Goal of the exercise: Restate the data below word for word, and let no image into your version.

Given material:
··········

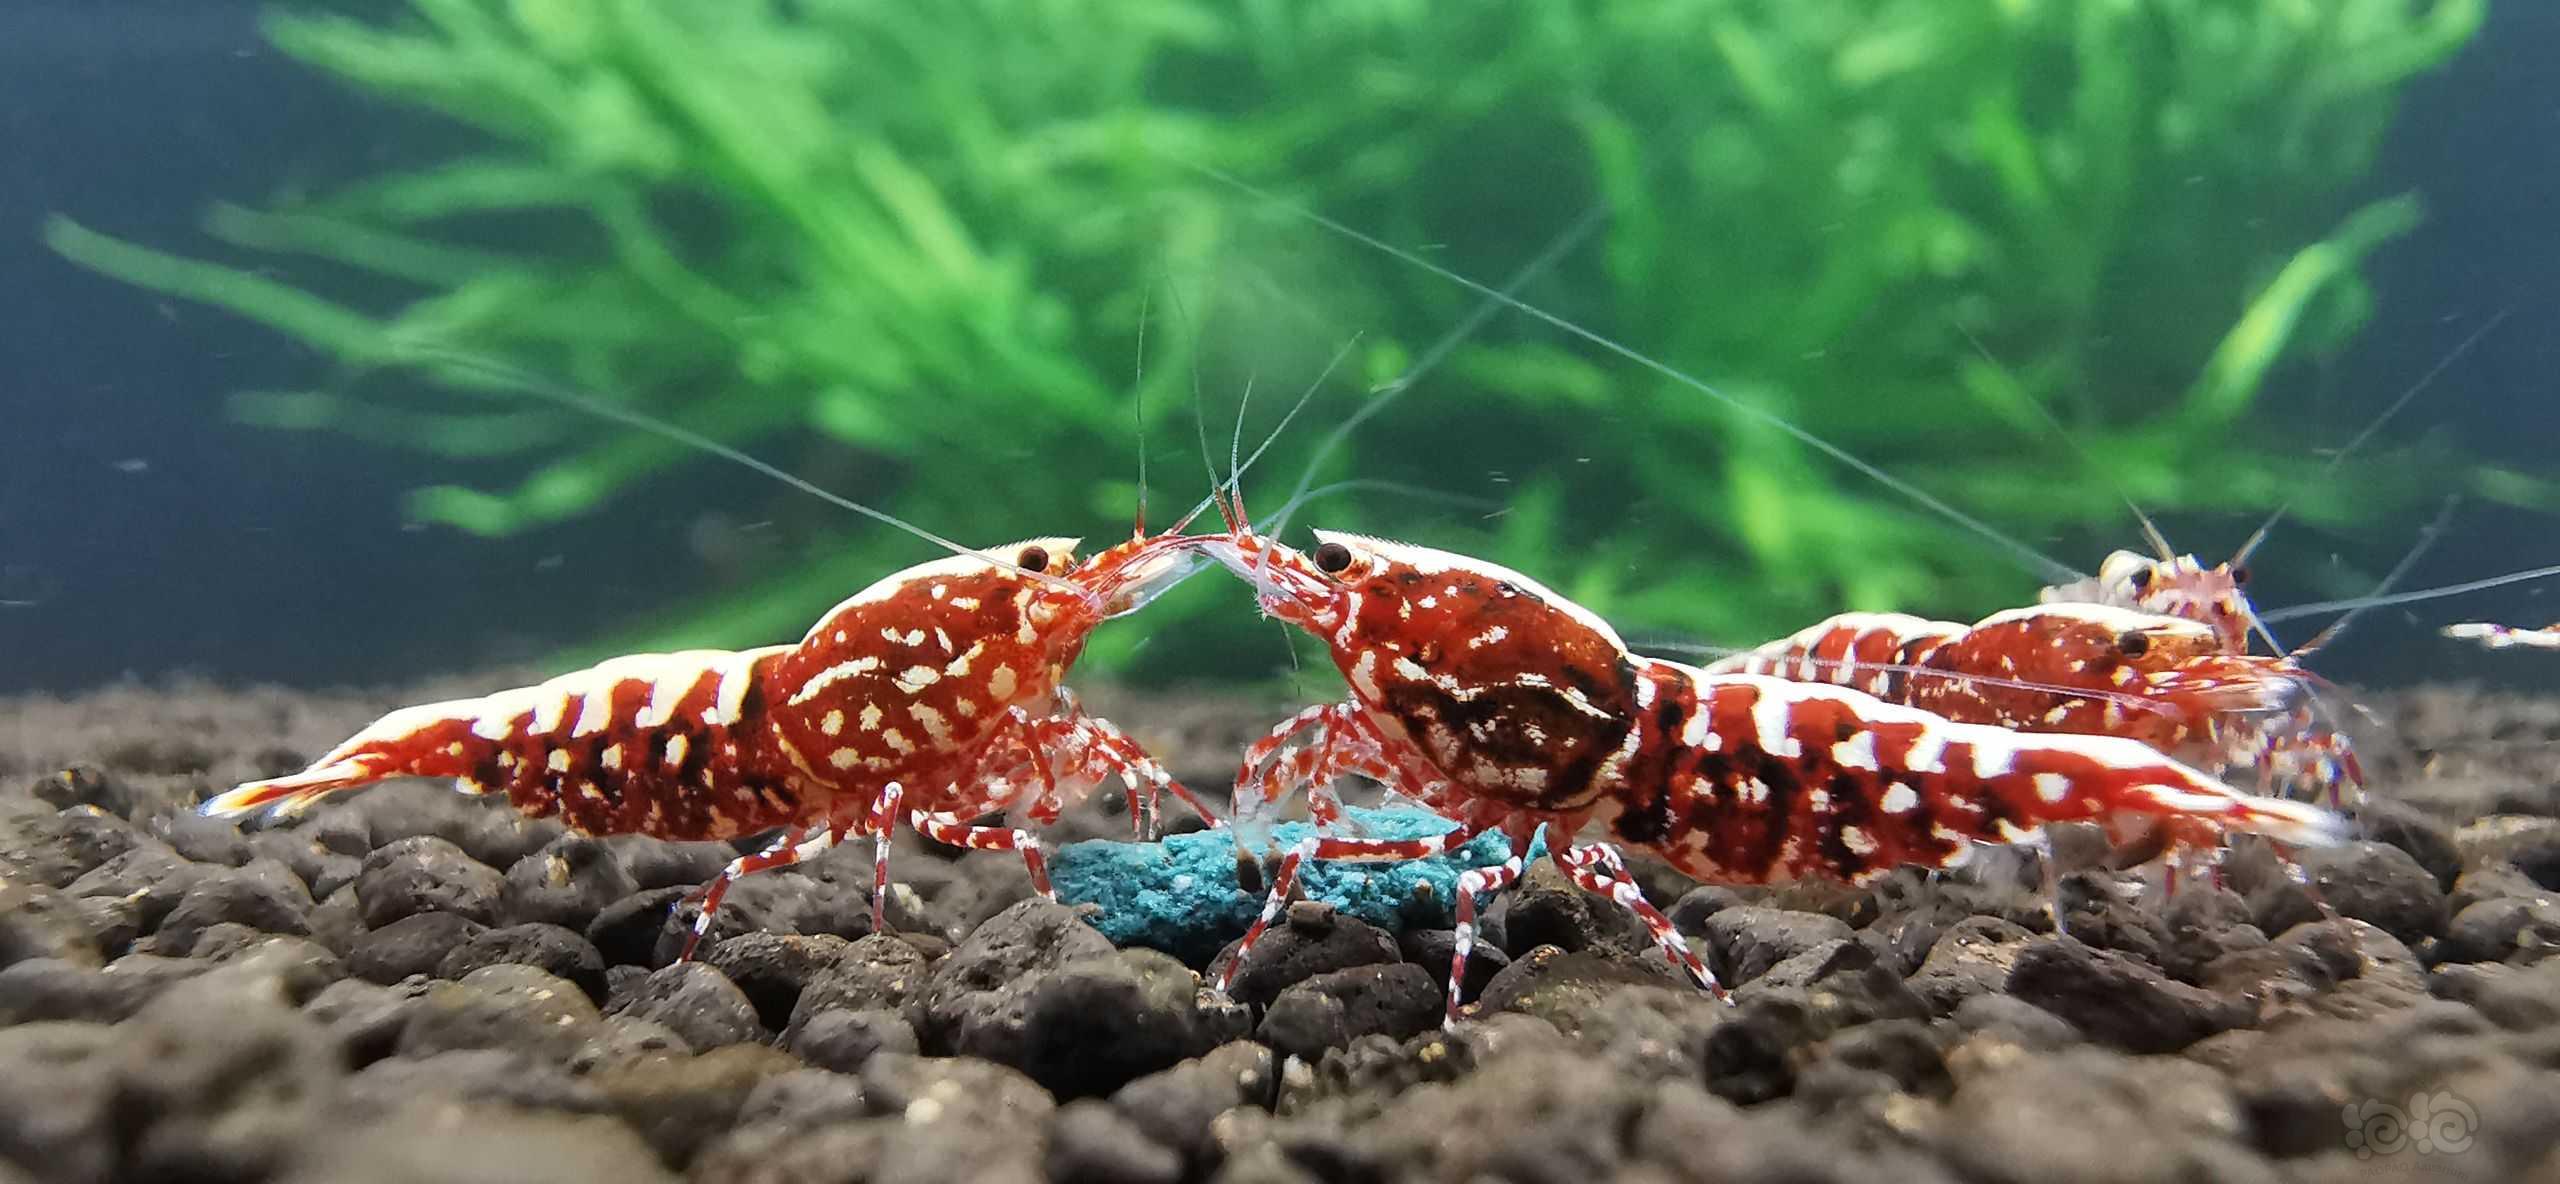 水晶虾啊水晶虾-图1
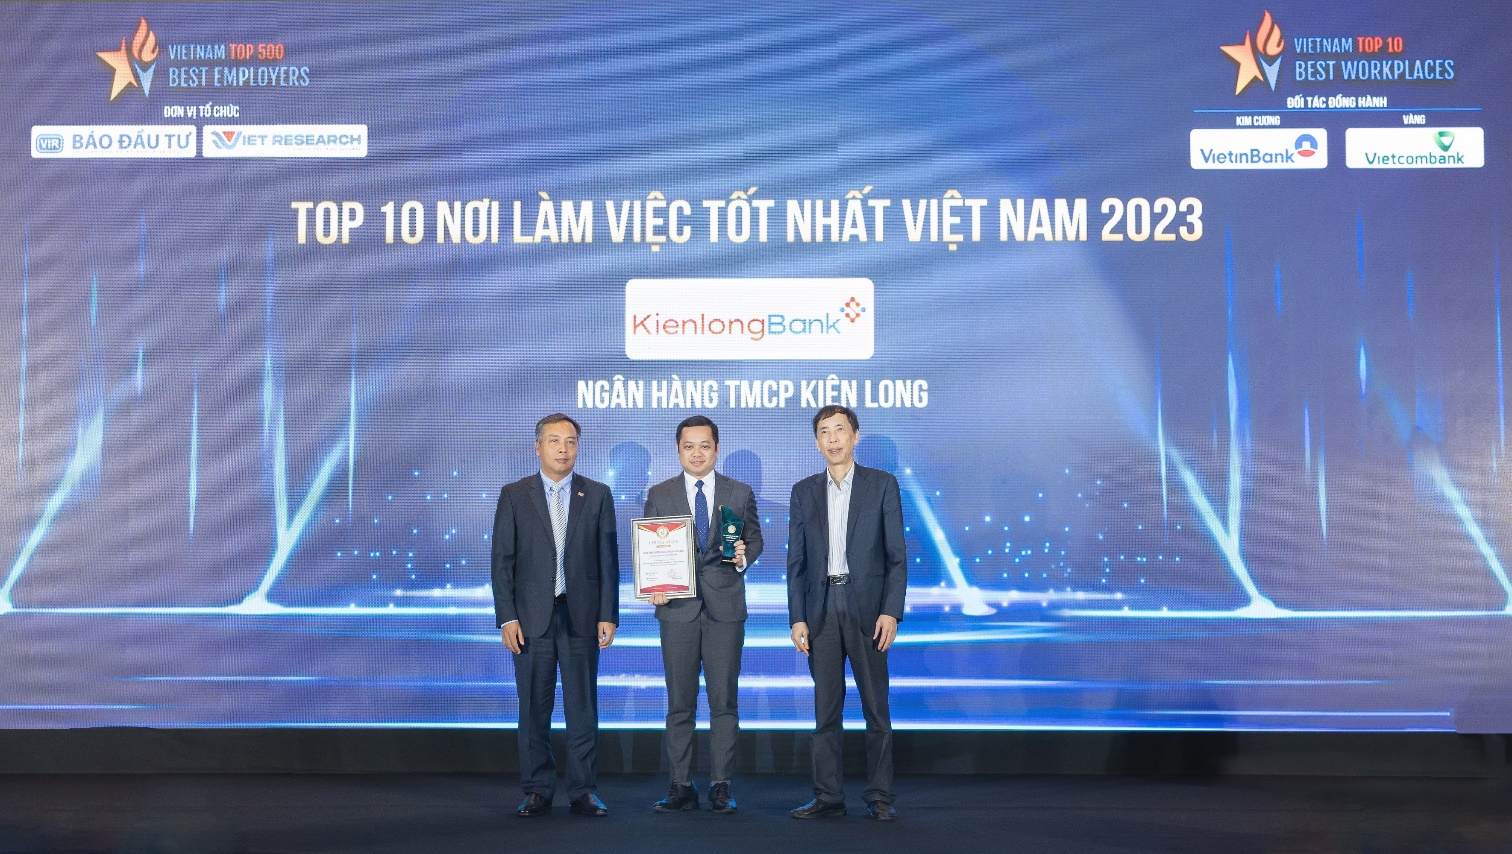 Viet Research: KienlongBank - Top 10 Nơi làm việc tốt nhất Việt Nam ngành Ngân hàng - Ảnh 1.
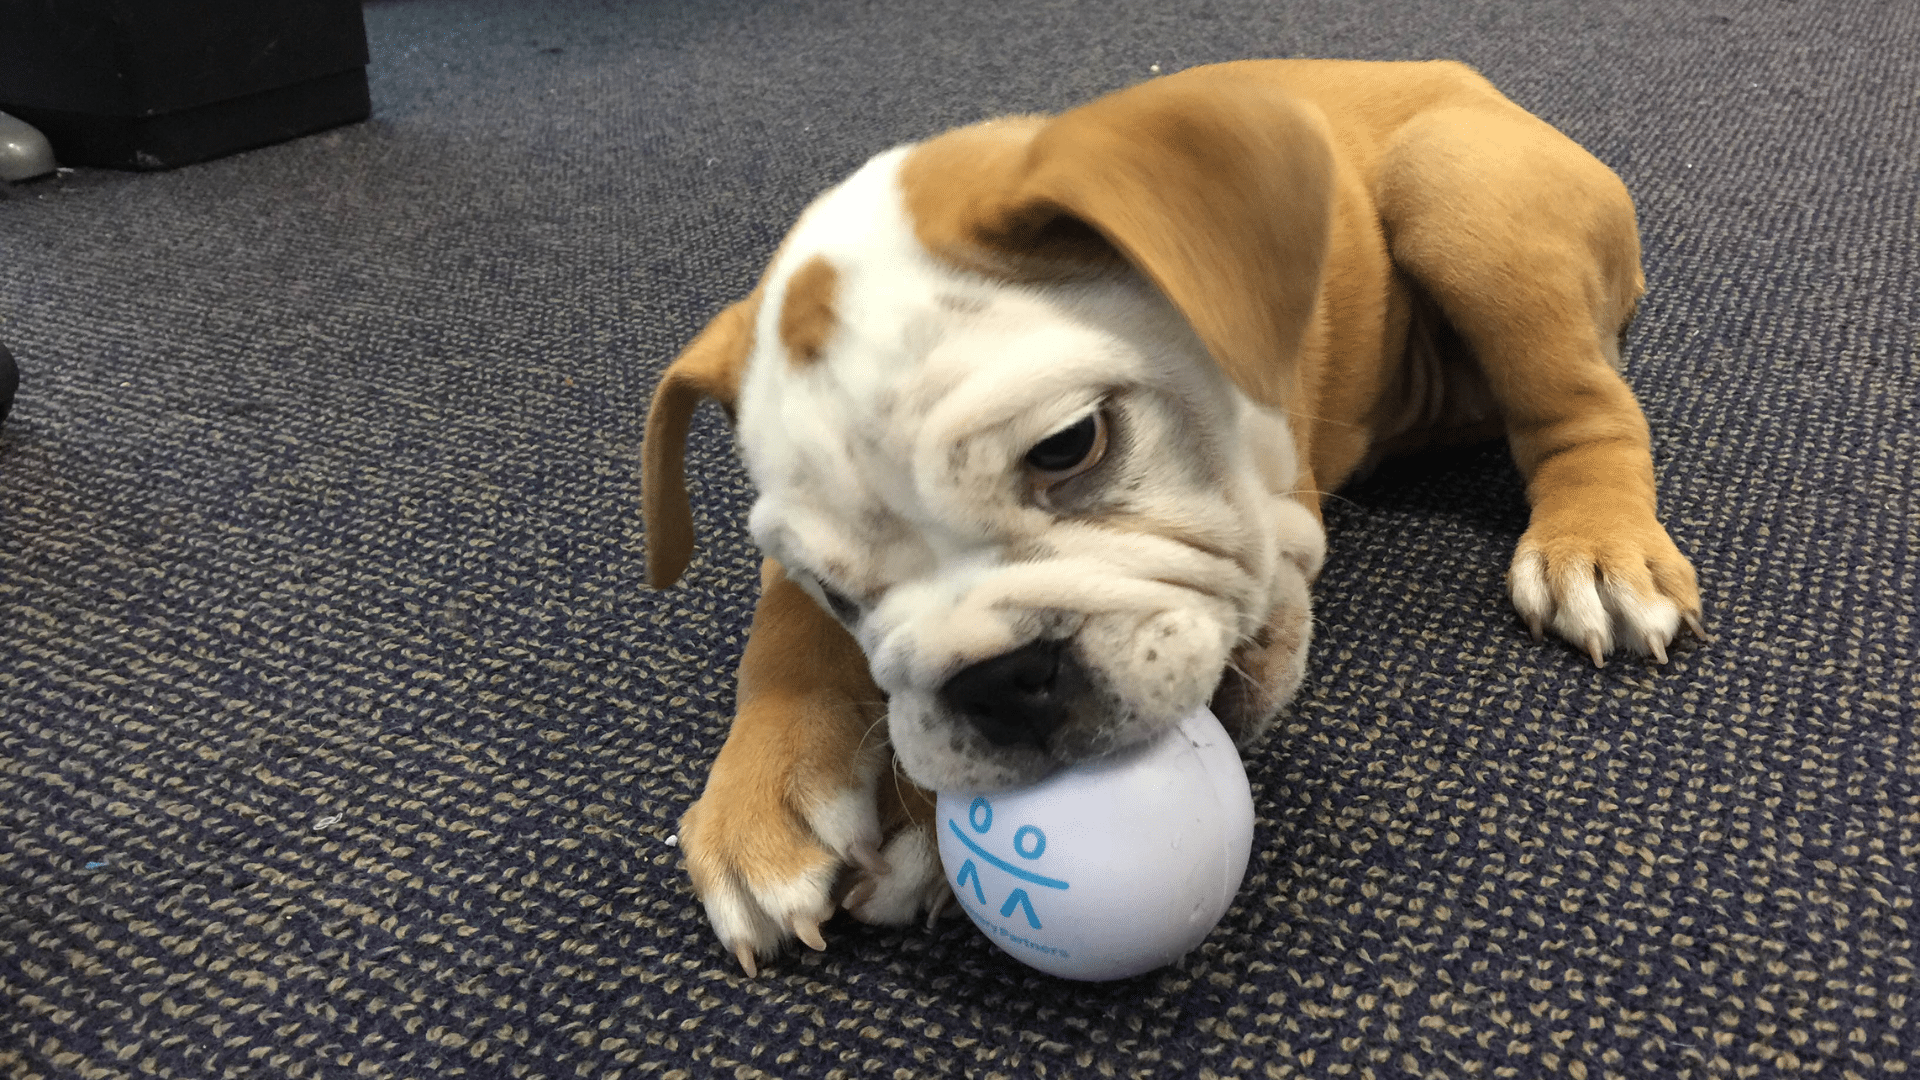 RP bulldog chews RP ball
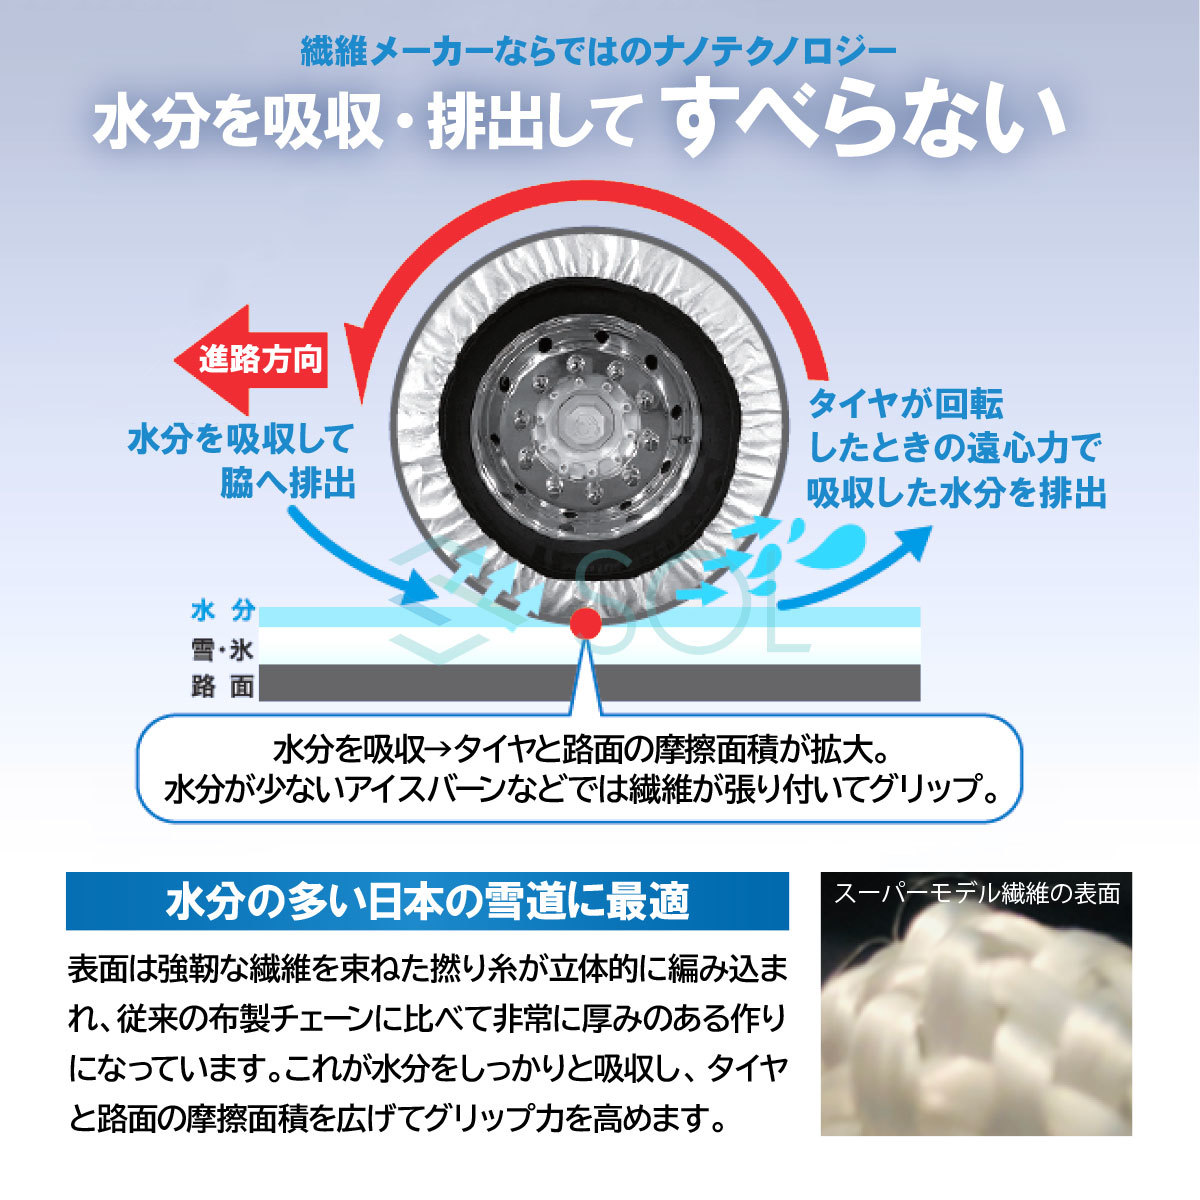 ISSE 日本正規代理店 特許取得 イッセ スノーソックス 滑らない タイヤチェーン サイズ74 ランドクルーザー パジェロ ベンツGクラス_画像3

··········

Solution to this exercise:
 水晶虾啊水晶虾-图1
 Viet Research: KienlongBank - Top 10 Nơi làm việc tốt nhất Việt Nam ngành Ngân hàng - Ảnh 1.
 RP bulldog chews RP ball
 ISSE 日本正規代理店 特許取得 イッセ スノーソックス 滑らない タイヤチェーン サイズ74 ランドクルーザー パジェロ ベンツGクラス_画像3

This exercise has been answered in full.